21:08There's a big difference between those types of permission layers. And then, of course, you have the ability to save a ton of money here. Let's say you have to read a 300 page research report and just get, you know, maybe three fun facts from it or just get a summary.

21:20There's probably no reason, unless it's a really, really, you know, technical report, to use Opus for that, probably not even Sonnet. So delegate that to a haiku sub agent to read everything and then send back just a small summary to your main session. And that's how you have this system where you have your smart boss, which is the Opus model that you talk to on the day to day that just works with a bunch of little haiku agents.

21:40It's gonna save you a lot of money. It's gonna keep things moving faster, and that's the way that you wanna start utilizing these things.

21:46Another way that you can also keep them from getting out of control is you can have a max turns set on these sub agents. So maybe they're starting to do loops of research or they're doing loops of reviewing through a code base.

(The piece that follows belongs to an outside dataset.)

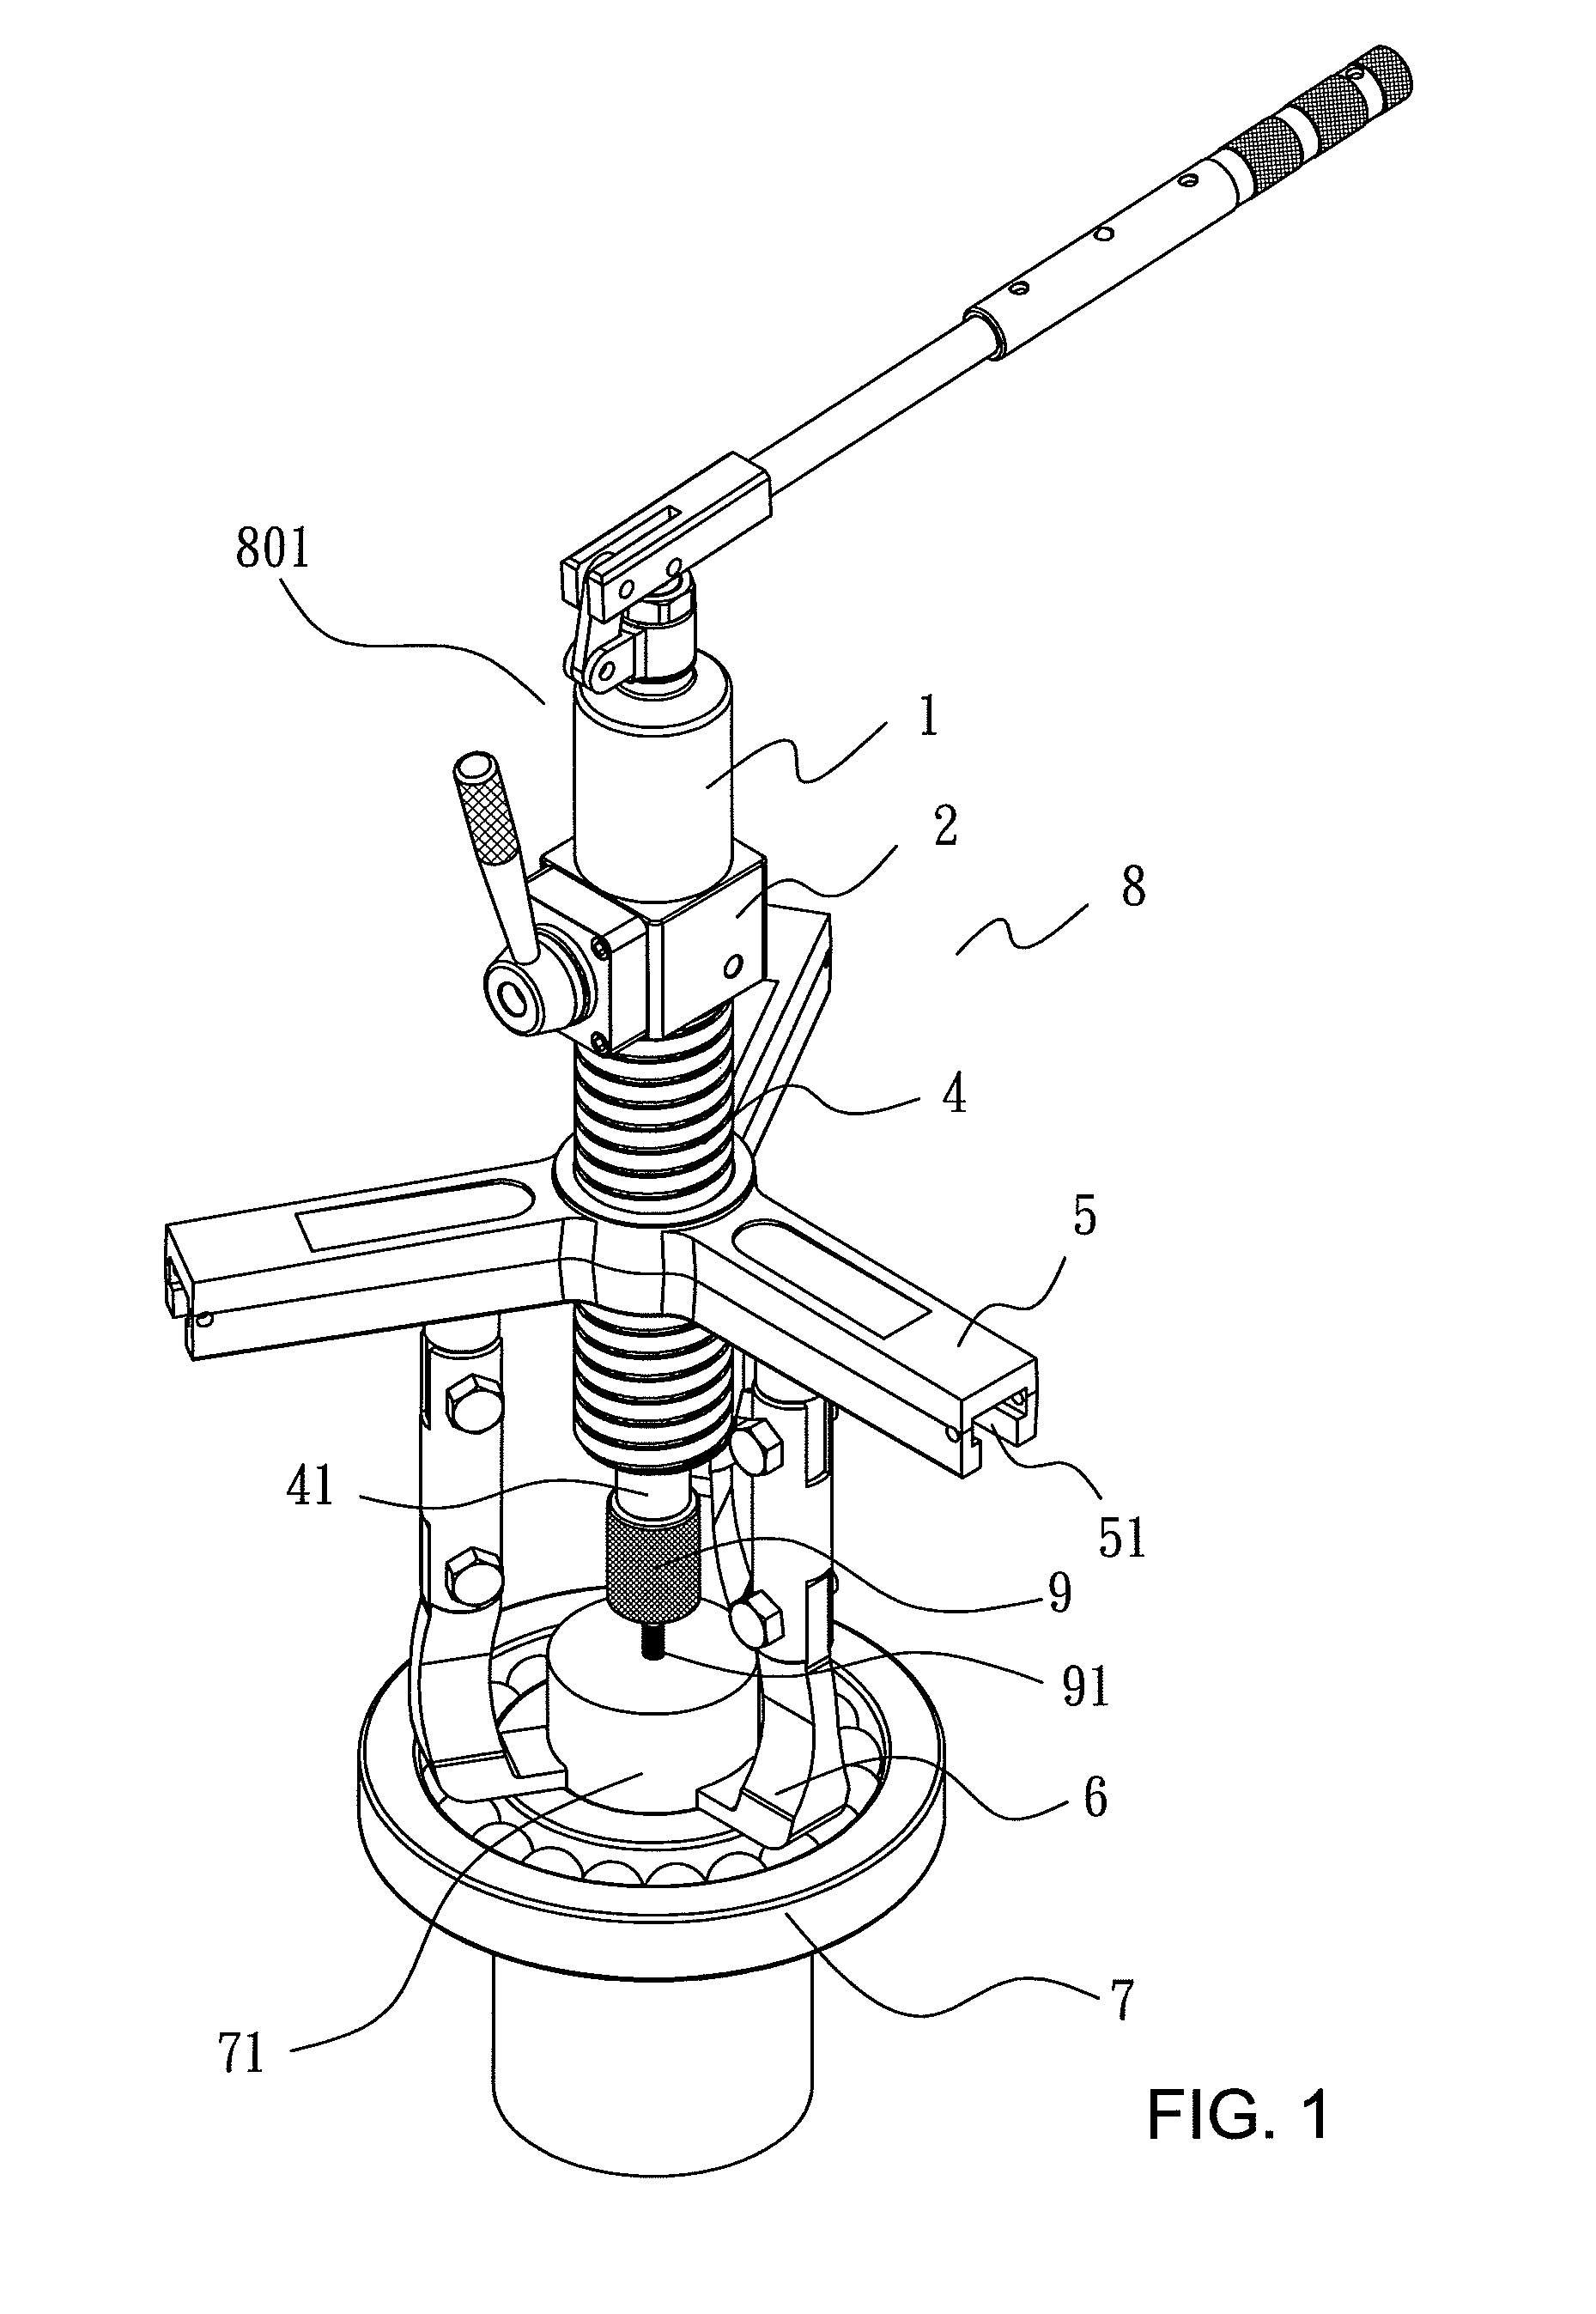 Hydraulic tool

You can say, hey.

21:56Max turns equals 10. Honestly, I don't use this very often because most of my sub agent delegation is research or very specific workflows where it doesn't really I'm not worried about a loop, and I'm keeping my hands on either way. But that is, once again, just another nice lever to pull.

22:11So then after we've seen all these benefits, hopefully, it's starting to become a little bit more clear, but a lot of people might also still wonder, okay. So when do you actually use a subagent? When is it really better to?

22:20So one core question you can think about is, is this about to dump a pile of stuff into my chat that I'll never read again? If that's ever yes, delegate it to a sub agent. If it's no, then maybe you keep it in line.

22:31But there's also some other things to think about too. Right? So let's look at some signals.

22:34If you're about to read a lot of files, do some sub agents. If you're gonna spit out a wall of output, maybe do sub agents.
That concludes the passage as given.